We are not going to dive into the details of the DownloadManager.HordeRegistry, DownloadManager.HordeSupervisor, and DownloadManager.NodeObserver, since we already did in the last part. Still, they are the modules needed to make Horde work appropriately in a cluster of dynamic nodes, so we will just copy them and rename their namespace to match the current DownloadManager. Since we will start multiple nodes and Phoenix runs in port 4000 by default, we will have issues due to the port already taken by the first instance that we start. Let's change the development configuration so that it takes the port number from the environment:

# ./config/dev.exs

use Mix.Config

config :download_manager, DownloadManagerWeb.Endpoint,
  http: [
    port: String.to_integer(System.get_env("PORT") || "4000")
  ],
  # ...

Last but not least, let's get rid of all the predefined Phoenix styles and, to create a simple yet beautiful UI, let's add the Tailwind CSS CDN stylesheet link:

# ./lib/download_manager_web/templates/layout/root.html.leex

<!DOCTYPE html>
<html lang="en">
  <head>
    # ...

    <link href="https://unpkg.com/tailwindcss@^2/dist/tailwind.min.css" rel="stylesheet">

    # ...
  </head>
  <body>
    <%= @inner_content %>
  </body>
</html>

We are not going to do an in-depth exploration of the styles either. However, you can find all the files in the example repository, and this is how the final result looks like:

The downlad struct and repository

With the basic project structure ready, let's start working on the download request logic. First of all, let's define what a download request looks like:

# ./lib/download_manager/download.ex

defmodule DownloadManager.Download do
  alias __MODULE__
  alias DownloadManager.Token

  @pending_state :pending
  @processing_state :processing
  @error_state :error
  @ready_state :ready

  @enforce_keys [:id, :state, :user_id]

  defstruct [
    :file_url,
    :id,
    :state,
    :user_id
  ]

  def new(params) do
    with {:ok, user_id} <- Keyword.fetch(params, :user_id) do
      %Download{
        id: Token.generate(),
        state: @pending_state,
        user_id: user_id
      }
    end
  end
end

The DownloadManager.Download struct holds the following data:

  • id: the unique internal ID of the download.
  • state: the current state of the download, which can be any of :pending, :processing, :error, or :ready.
  • file_url: the downloadable file's URL.
  • user_id: the ID of the user who requested the download.

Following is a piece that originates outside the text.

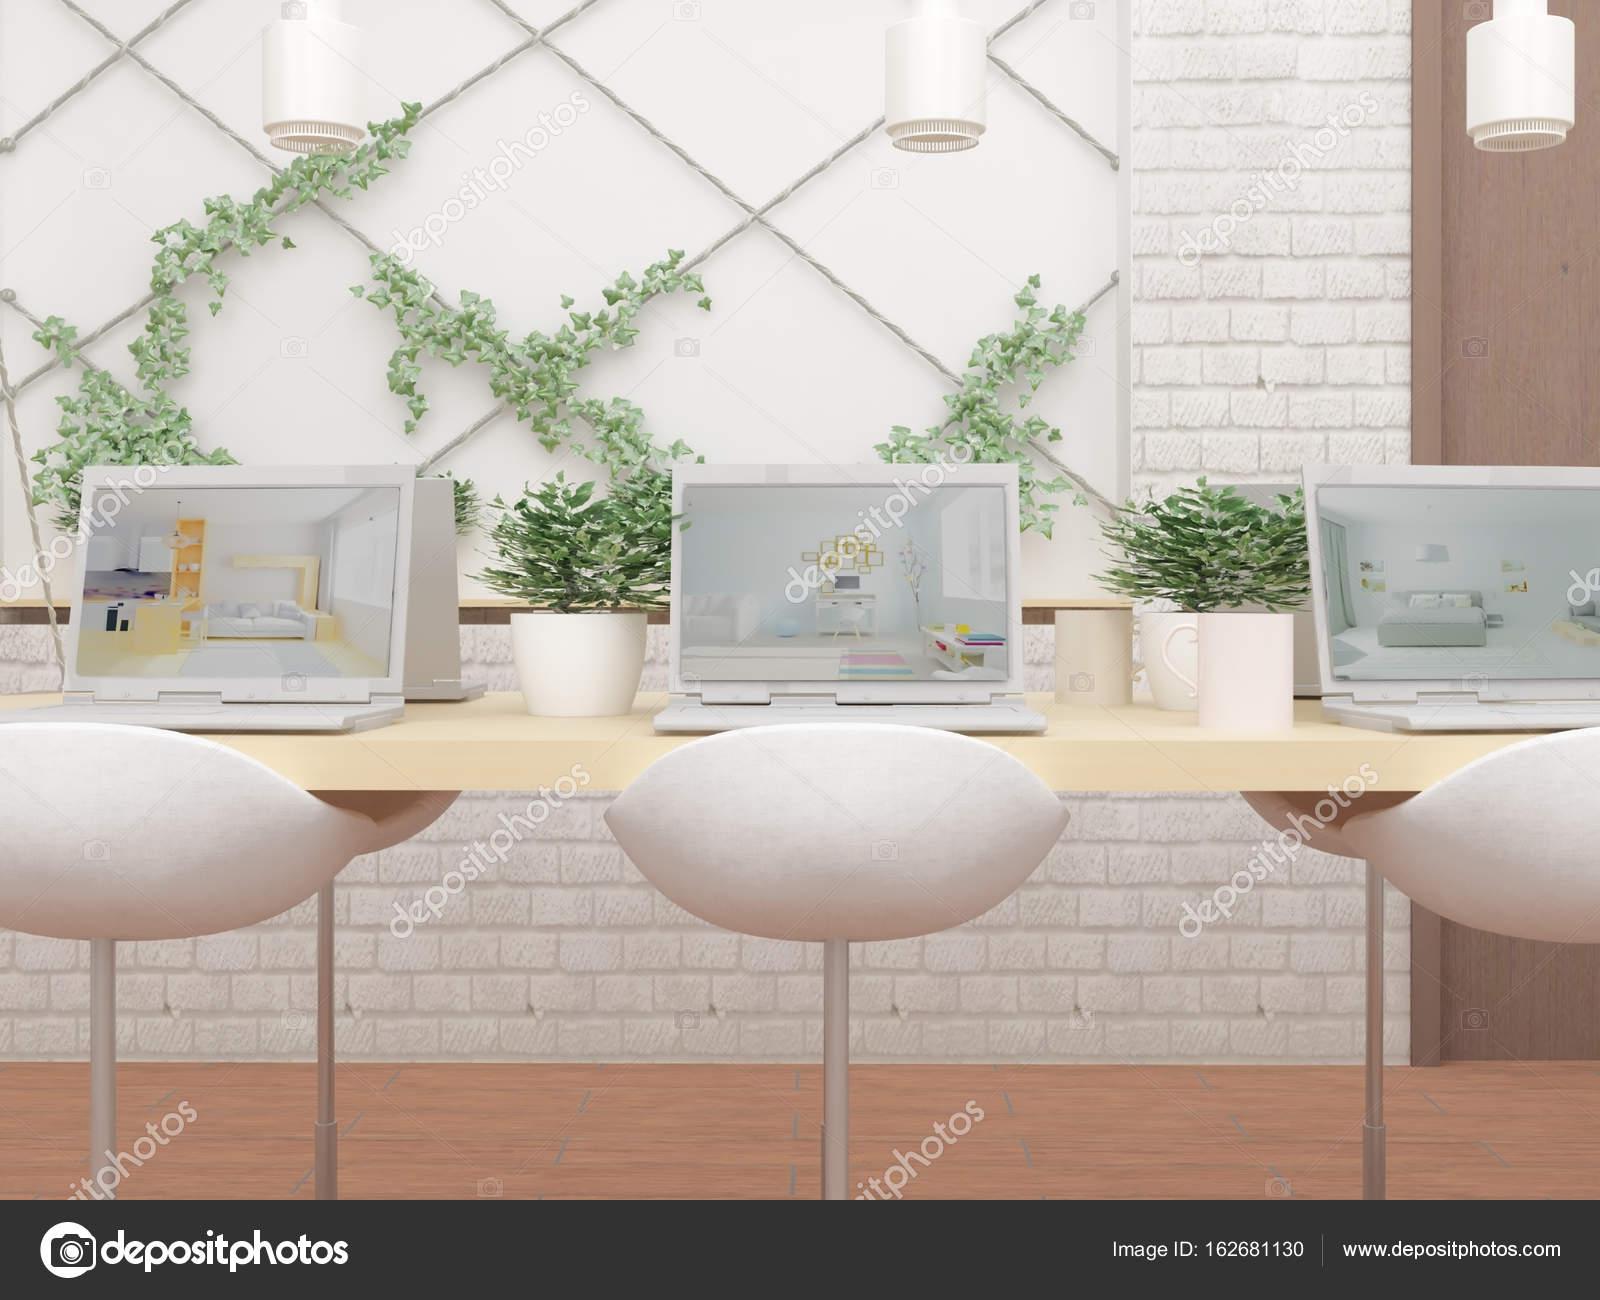 Computers op de tuinset groene planten u2014 stockfoto © lisunova

We are also adding a convenient new/1 helper function to build download structs, which by default sets an randomly generated :id value along with the :pending state. In a real-life application, we would temporarily store download requests in some sort of in-memory data storage like the good old Redis. However, we will stick to our no-external-dependencies approach and define a new module that serves as the download request repository:

# ./lib/download_manager/download/repo.ex

defmodule DownloadManager.Download.Repo do
  alias DownloadManager.Download

  @adapter Application.compile_env(:download_manager, __MODULE__)[:adapter]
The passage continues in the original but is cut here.